I agree but my thoughts are if a person uses a credit card then you have them fighting for you also, like discover card has a good no worry policy

Reactions: Agree 1


----------



## EastmansWoodturning (Jul 16, 2015)

If I order 50 bolt action pen kits just as an example, even with shipping it figures to $5.68 a piece

Reactions: Agree 1


----------



## Final Strut (Jul 16, 2015)

I have ordered from the 3 or 4 times. I usually do one bigger order a year and another smaller one later if need be. Shipping is definate high and you have to play the game because it is pro rated based on your dollar amount ordered. Sometimes if you add one kit it will add another $5-6 to your shipping.

I have thought about maybe doing a group buy a couple of times but never carried it out. 

I have never really had any issues with the stuff I have gotten from them.
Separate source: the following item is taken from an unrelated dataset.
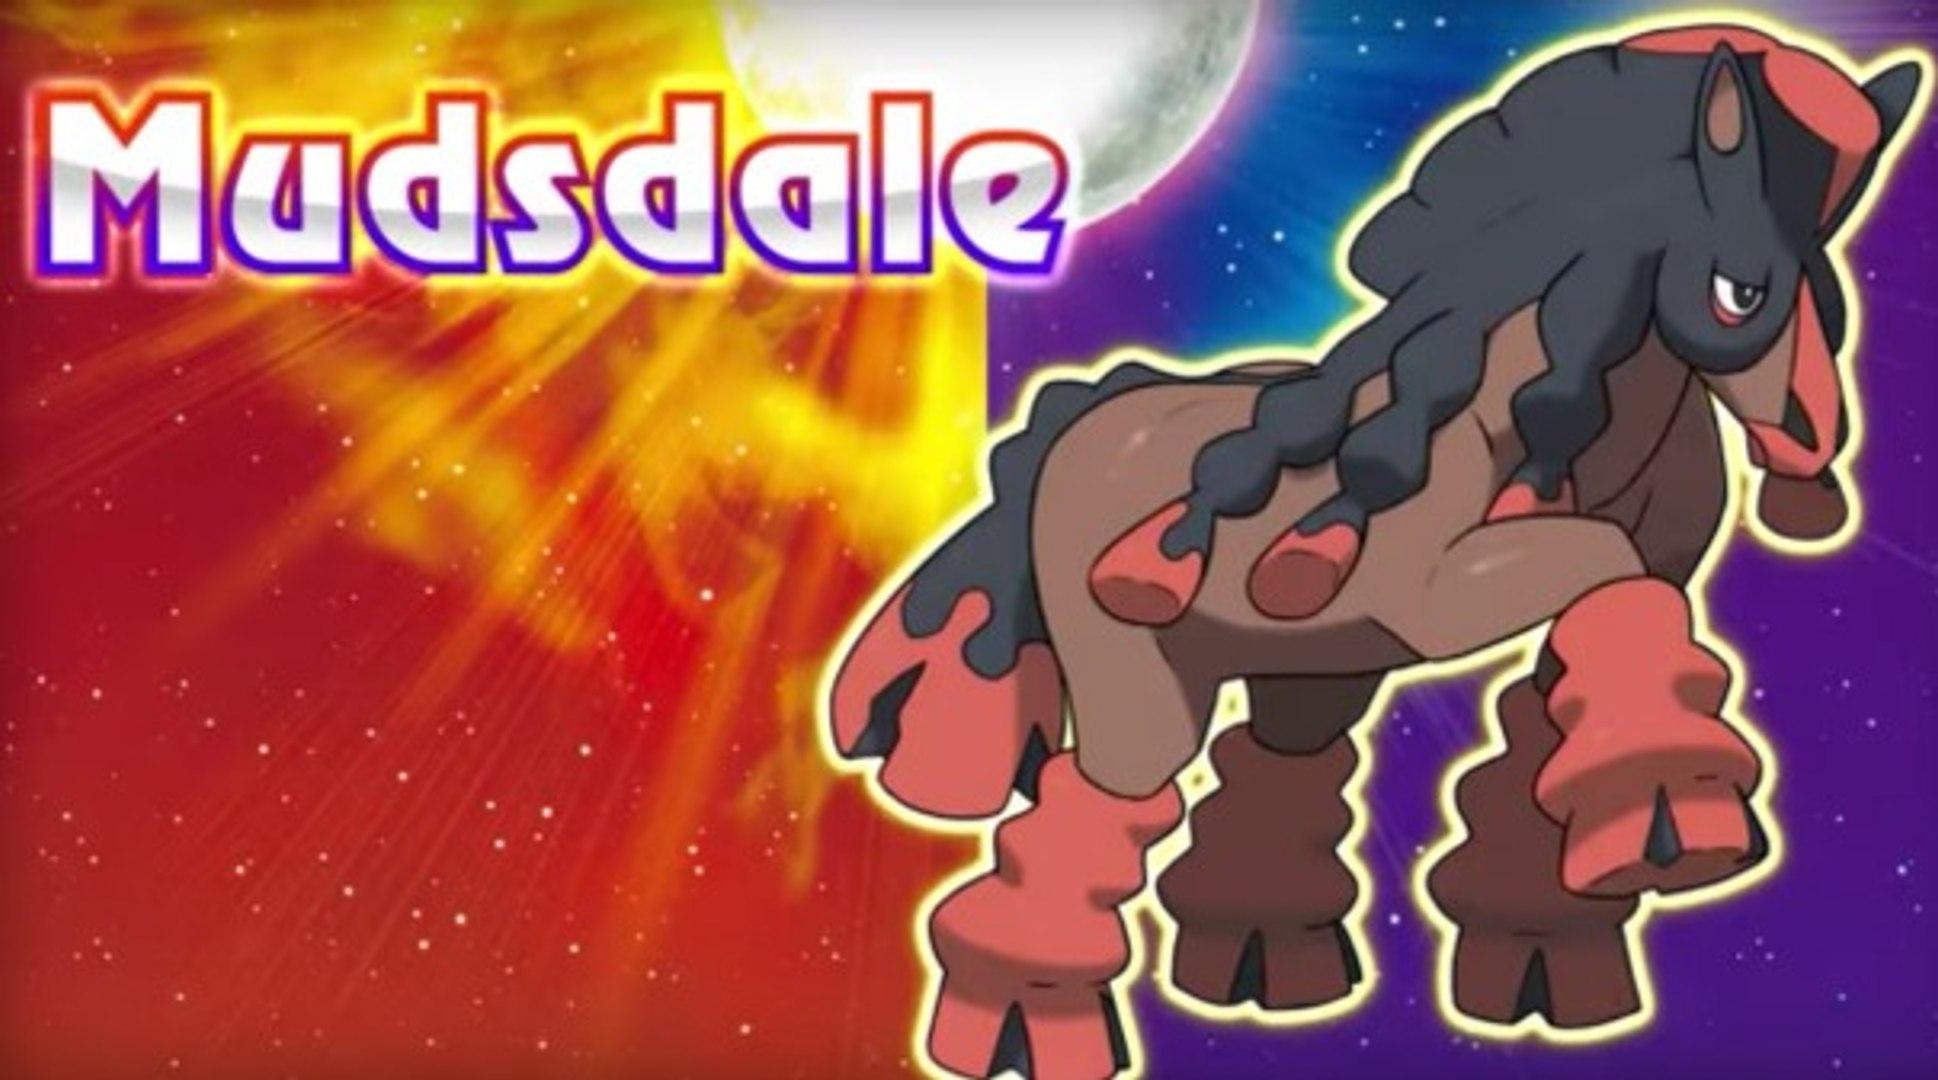 ¡Se han descubierto nuevos Pokémon para Pokémon Sol y Pokémon Luna!

I always pay wit PayPal or my bank debit card do I have some sort of "insurance".


----------



## Tclem (Jul 16, 2015)

Are the bolt actions knock offs


----------



## ripjack13 (Jul 16, 2015)

Final Strut said:


> I have thought about maybe doing a group buy a couple of times but never carried it out.



I'd be up for that....

Reactions: Agree 2


----------



## Karl_99 (Jul 16, 2015)

Aren't they made in China vs PSI bolt actions (made in Taiwan)?


----------



## Tclem (Jul 16, 2015)

Karl_99 said:


> Aren't they made in China vs PSI bolt actions (made in Taiwan)?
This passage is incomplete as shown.